So when should you use a Programmable Software Wallet? You should use a Programmable Software Wallet when you don’t want to spend your coding time in the weeds building Nano Blocks. If you are fine with the five tasks listed above, then working with an existing Programmable Software Wallet is likely the right entry point for you.

So where is the magic? The magic is in the implementation.

Whether you are using a plain send/receive Programmable Software Wallet to build an application like a Faucet (as we will later in this article) or you are abstracting another Software Wallet with unique and innovative features on top of it (anonymity? mixing? payment processing?), this is where that magic is showcased.

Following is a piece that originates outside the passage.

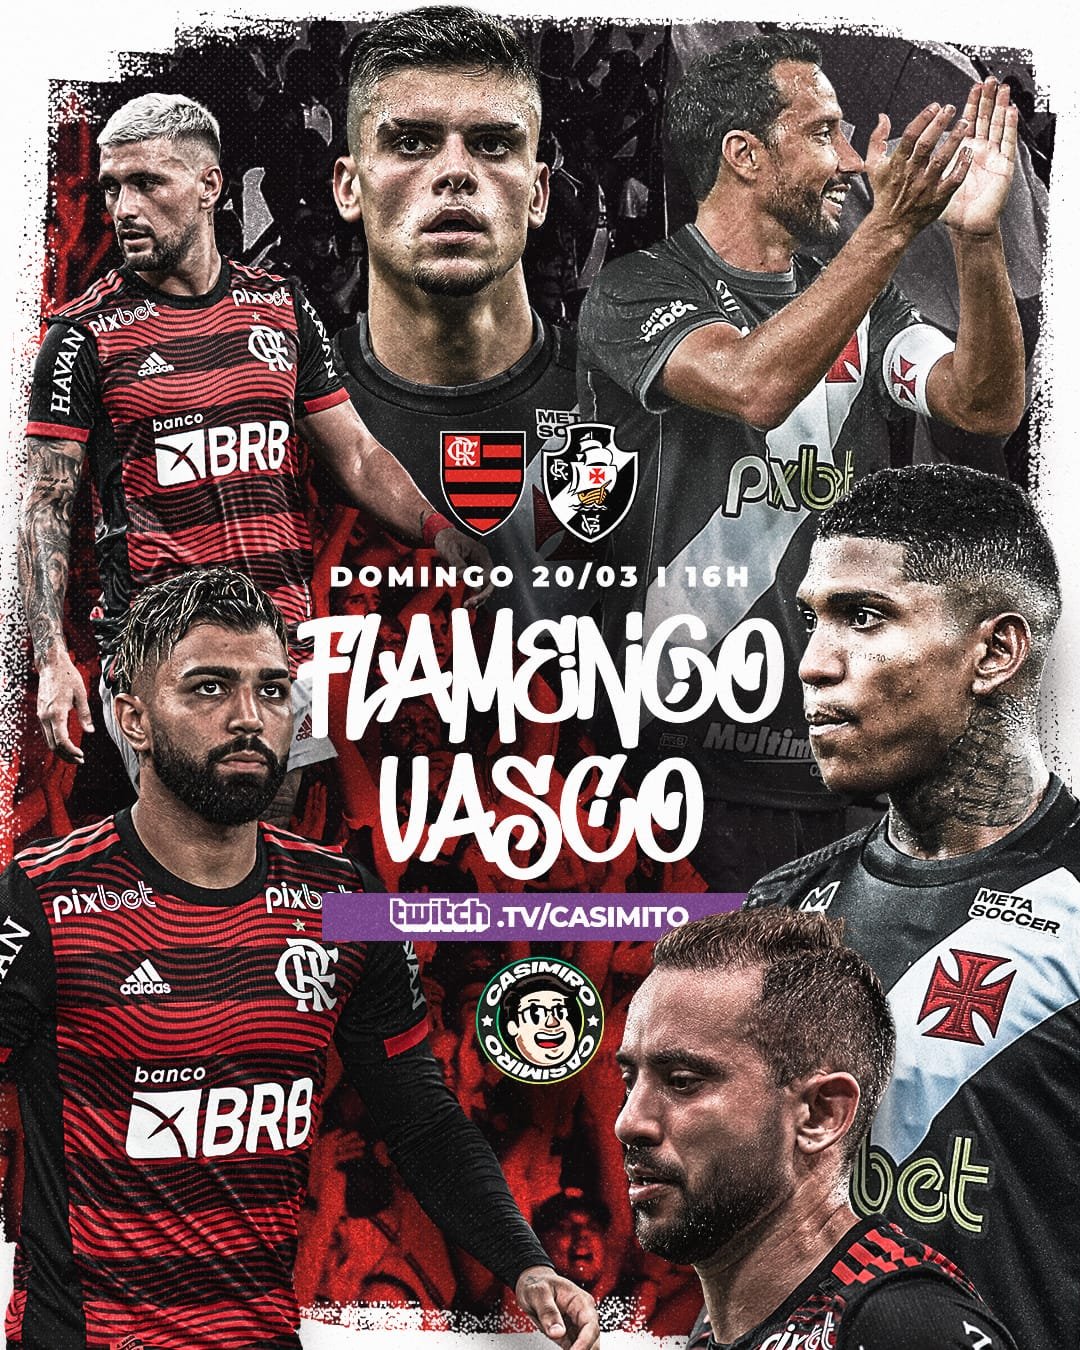 Vasco x Flamengo: como assistir ao clássico na CazéTV ou Twitch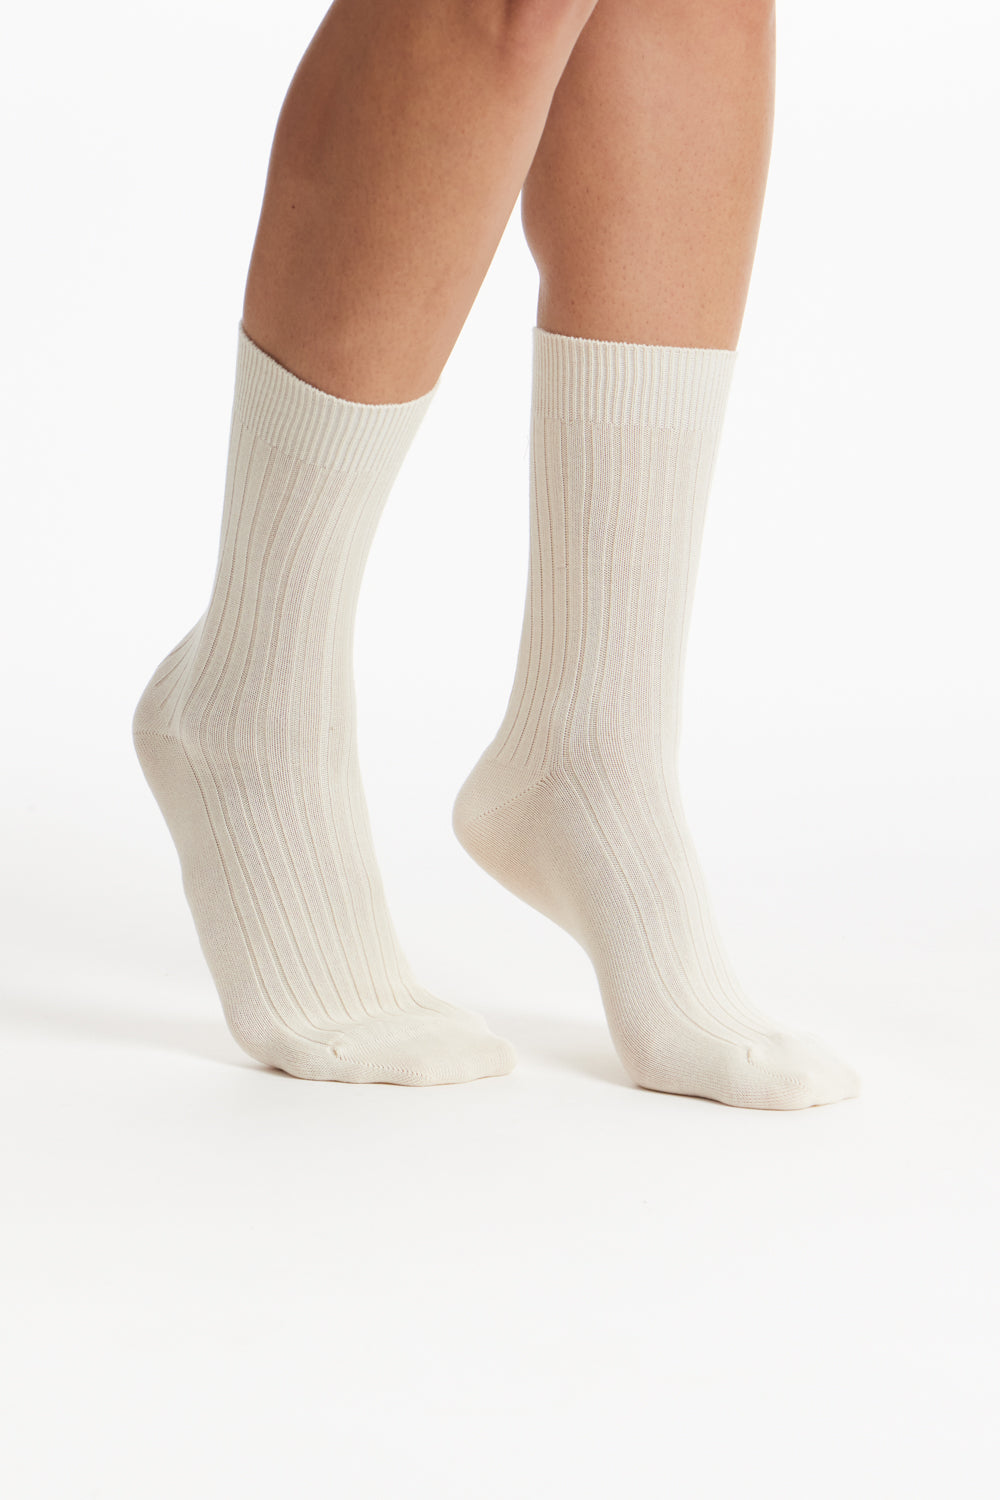 Organic Cotton Socks in Cream Rib

The list of existing open-source Programmable Software Wallets (which I will from here on out simplify to Software Wallet) is actually not that long. I think this is due to two reasons:

  1. The Software Wallets that do exist already are robust.
  2. Many developers build their applications from scratch and implement their own homemade Software Wallet (as we did in Part 2). Implementing their own solution is potentially more secure as the developer has complete visibility of the solution and is really not that difficult.

In this article, I will highlight two Software Wallets, first the Software Wallet that is built into the Nano Foundation’s Nano Node. And then I will introduce and dive much deeper into the Pippin Nano Wallet.

Nano Node Software Wallet

The Nano Node Software Wallet is feature-rich and “for development and testing only”. It comes baked in with the Nano Node. So if you already have a Nano Node running, you already have a Software Wallet available to you. If you are relying on a Public Nano Node, however, these Software Wallet RPC actions will not be made available to you.

As this Software Wallet comes with the “development and testing only” disclaimer, and there are other options, this is as far as we’ll go in this article with the Nano Node Software Wallet.

Pippin Nano Wallet

The Pippin Nano Wallet (brought to you from the same dev as Natrium) is a self-proclaimed “production-ready, high-performance developer wallet”. I won’t regurgitate the benefits of Pippin or the performance specs of Pippin here, however impressive, as they are well explained in the links. But I will say that Pippin offers nearly the same set of RPC actions that the Nano Node Software Wallet offers. The actions it leaves off, I have never needed. And the actions it adds, I have used extensively.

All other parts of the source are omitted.